Task item: An exact copy of all the data is required, with pictures left out.

Data block:

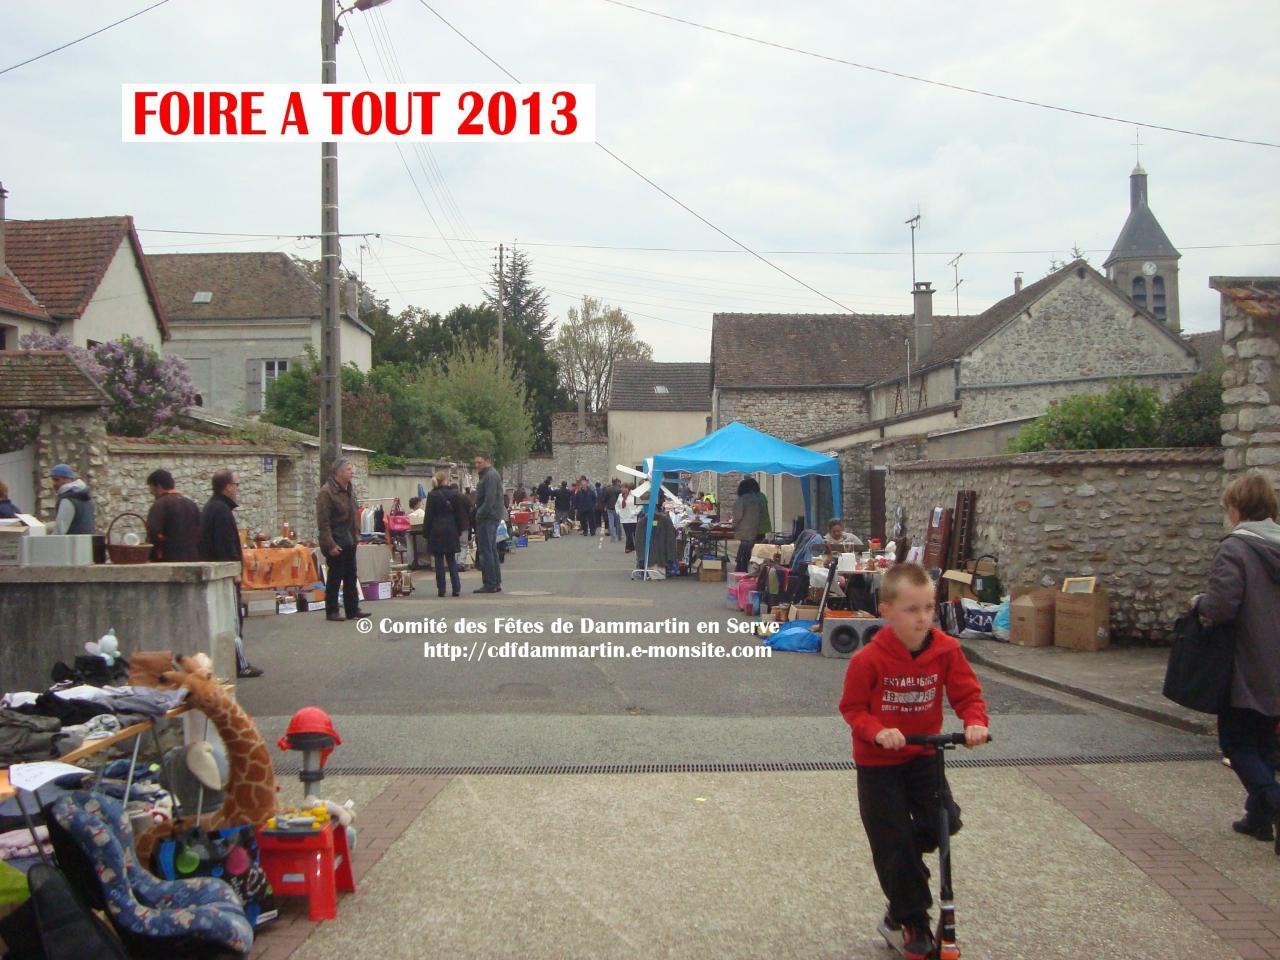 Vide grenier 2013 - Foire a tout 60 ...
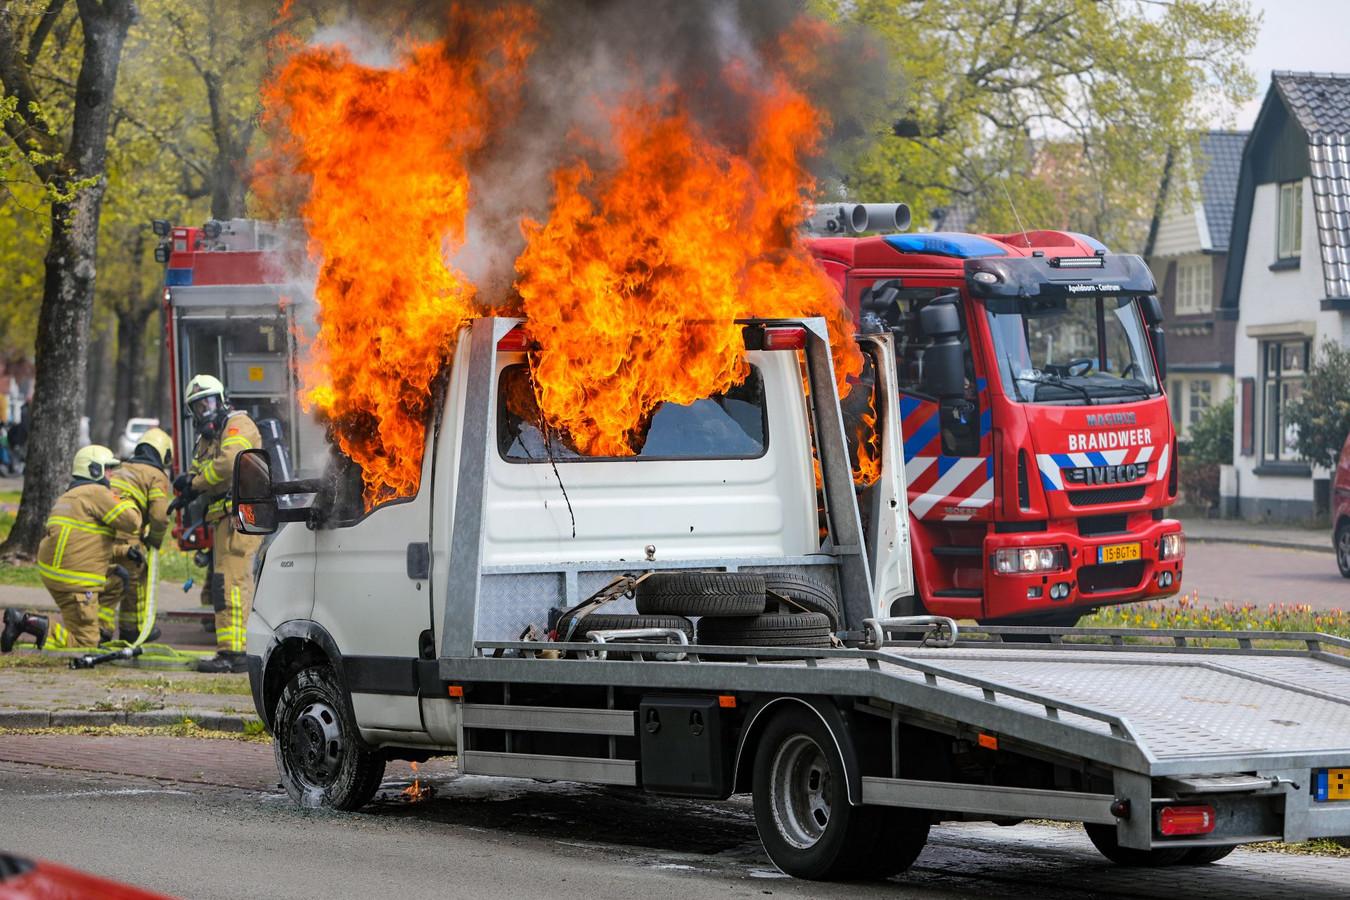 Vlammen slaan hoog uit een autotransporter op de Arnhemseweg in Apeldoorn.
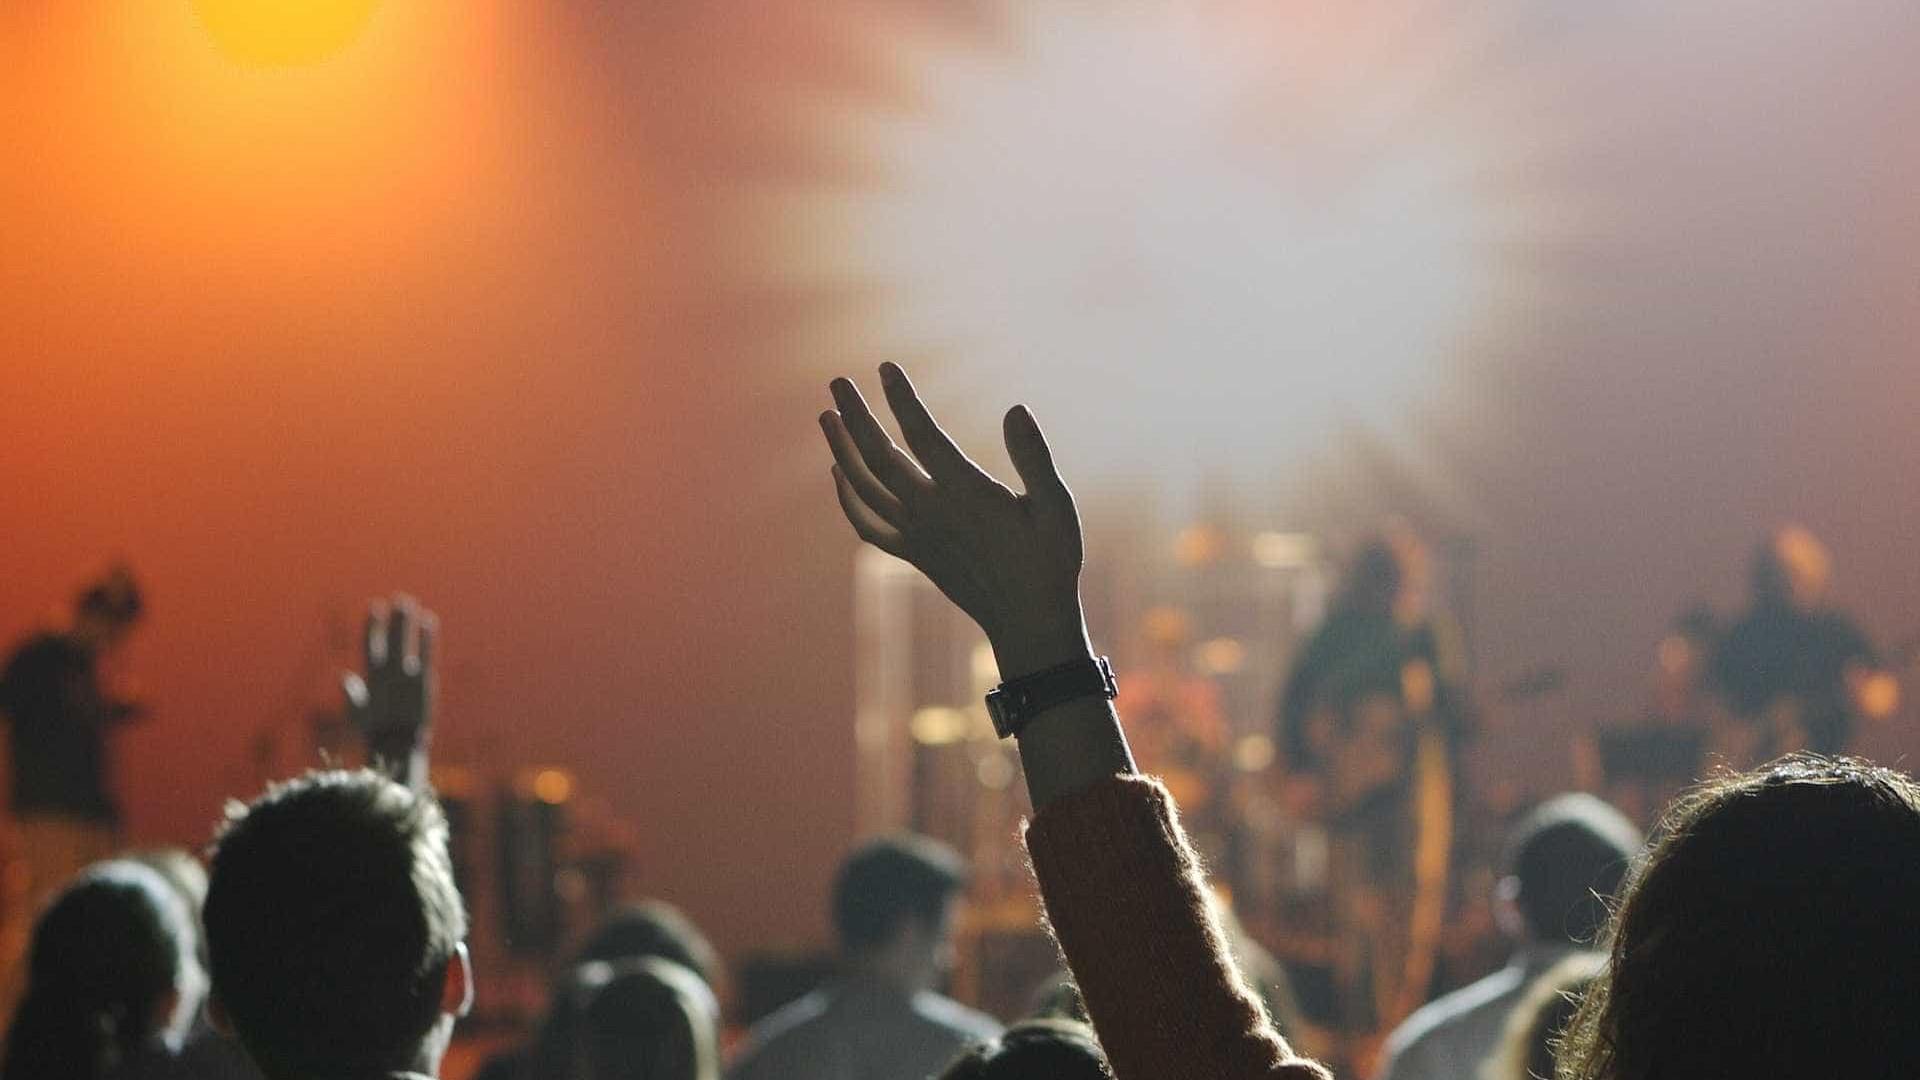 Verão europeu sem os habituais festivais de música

Solution for this task:
 Vide grenier 2013 - Foire a tout 60 ...
 Vlammen slaan hoog uit een autotransporter op de Arnhemseweg in Apeldoorn.
 Verão europeu sem os habituais festivais de música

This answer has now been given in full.